Records from a data collection
*** Block opens ***

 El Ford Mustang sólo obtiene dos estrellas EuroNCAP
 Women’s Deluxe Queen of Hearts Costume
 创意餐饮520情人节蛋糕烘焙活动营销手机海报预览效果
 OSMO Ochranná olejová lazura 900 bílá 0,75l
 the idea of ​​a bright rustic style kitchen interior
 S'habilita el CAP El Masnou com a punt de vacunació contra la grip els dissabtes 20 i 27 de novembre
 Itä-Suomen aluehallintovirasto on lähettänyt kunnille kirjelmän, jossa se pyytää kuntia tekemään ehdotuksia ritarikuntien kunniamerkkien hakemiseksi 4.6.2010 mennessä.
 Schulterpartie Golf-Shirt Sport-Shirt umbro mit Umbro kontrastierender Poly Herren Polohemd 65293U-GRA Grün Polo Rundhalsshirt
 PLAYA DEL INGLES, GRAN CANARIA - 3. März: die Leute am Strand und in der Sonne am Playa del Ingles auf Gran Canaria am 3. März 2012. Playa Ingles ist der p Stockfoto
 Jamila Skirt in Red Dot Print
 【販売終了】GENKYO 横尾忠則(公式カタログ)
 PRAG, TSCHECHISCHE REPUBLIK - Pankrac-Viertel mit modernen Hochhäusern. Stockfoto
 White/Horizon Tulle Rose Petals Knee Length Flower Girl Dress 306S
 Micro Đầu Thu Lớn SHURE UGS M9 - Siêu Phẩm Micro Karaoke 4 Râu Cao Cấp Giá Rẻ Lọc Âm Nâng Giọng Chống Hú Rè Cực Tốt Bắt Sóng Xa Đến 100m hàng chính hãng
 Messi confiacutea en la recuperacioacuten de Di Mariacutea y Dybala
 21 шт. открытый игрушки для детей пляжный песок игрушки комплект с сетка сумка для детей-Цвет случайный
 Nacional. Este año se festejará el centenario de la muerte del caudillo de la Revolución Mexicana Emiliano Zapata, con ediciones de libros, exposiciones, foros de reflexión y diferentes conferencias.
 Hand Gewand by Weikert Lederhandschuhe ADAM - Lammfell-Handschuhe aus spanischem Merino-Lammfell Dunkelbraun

*** Block closes ***

== What you need to do ==
Repeat the data. Keep every word the same.

== Exercise solution ==
 El Ford Mustang sólo obtiene dos estrellas EuroNCAP
 Women’s Deluxe Queen of Hearts Costume
 创意餐饮520情人节蛋糕烘焙活动营销手机海报预览效果
 OSMO Ochranná olejová lazura 900 bílá 0,75l
 the idea of ​​a bright rustic style kitchen interior
 S'habilita el CAP El Masnou com a punt de vacunació contra la grip els dissabtes 20 i 27 de novembre
 Itä-Suomen aluehallintovirasto on lähettänyt kunnille kirjelmän, jossa se pyytää kuntia tekemään ehdotuksia ritarikuntien kunniamerkkien hakemiseksi 4.6.2010 mennessä.
 Schulterpartie Golf-Shirt Sport-Shirt umbro mit Umbro kontrastierender Poly Herren Polohemd 65293U-GRA Grün Polo Rundhalsshirt
 PLAYA DEL INGLES, GRAN CANARIA - 3. März: die Leute am Strand und in der Sonne am Playa del Ingles auf Gran Canaria am 3. März 2012. Playa Ingles ist der p Stockfoto
 Jamila Skirt in Red Dot Print
 【販売終了】GENKYO 横尾忠則(公式カタログ)
 PRAG, TSCHECHISCHE REPUBLIK - Pankrac-Viertel mit modernen Hochhäusern. Stockfoto
 White/Horizon Tulle Rose Petals Knee Length Flower Girl Dress 306S
 Micro Đầu Thu Lớn SHURE UGS M9 - Siêu Phẩm Micro Karaoke 4 Râu Cao Cấp Giá Rẻ Lọc Âm Nâng Giọng Chống Hú Rè Cực Tốt Bắt Sóng Xa Đến 100m hàng chính hãng
 Messi confiacutea en la recuperacioacuten de Di Mariacutea y Dybala
 21 шт. открытый игрушки для детей пляжный песок игрушки комплект с сетка сумка для детей-Цвет случайный
 Nacional. Este año se festejará el centenario de la muerte del caudillo de la Revolución Mexicana Emiliano Zapata, con ediciones de libros, exposiciones, foros de reflexión y diferentes conferencias.
 Hand Gewand by Weikert Lederhandschuhe ADAM - Lammfell-Handschuhe aus spanischem Merino-Lammfell Dunkelbraun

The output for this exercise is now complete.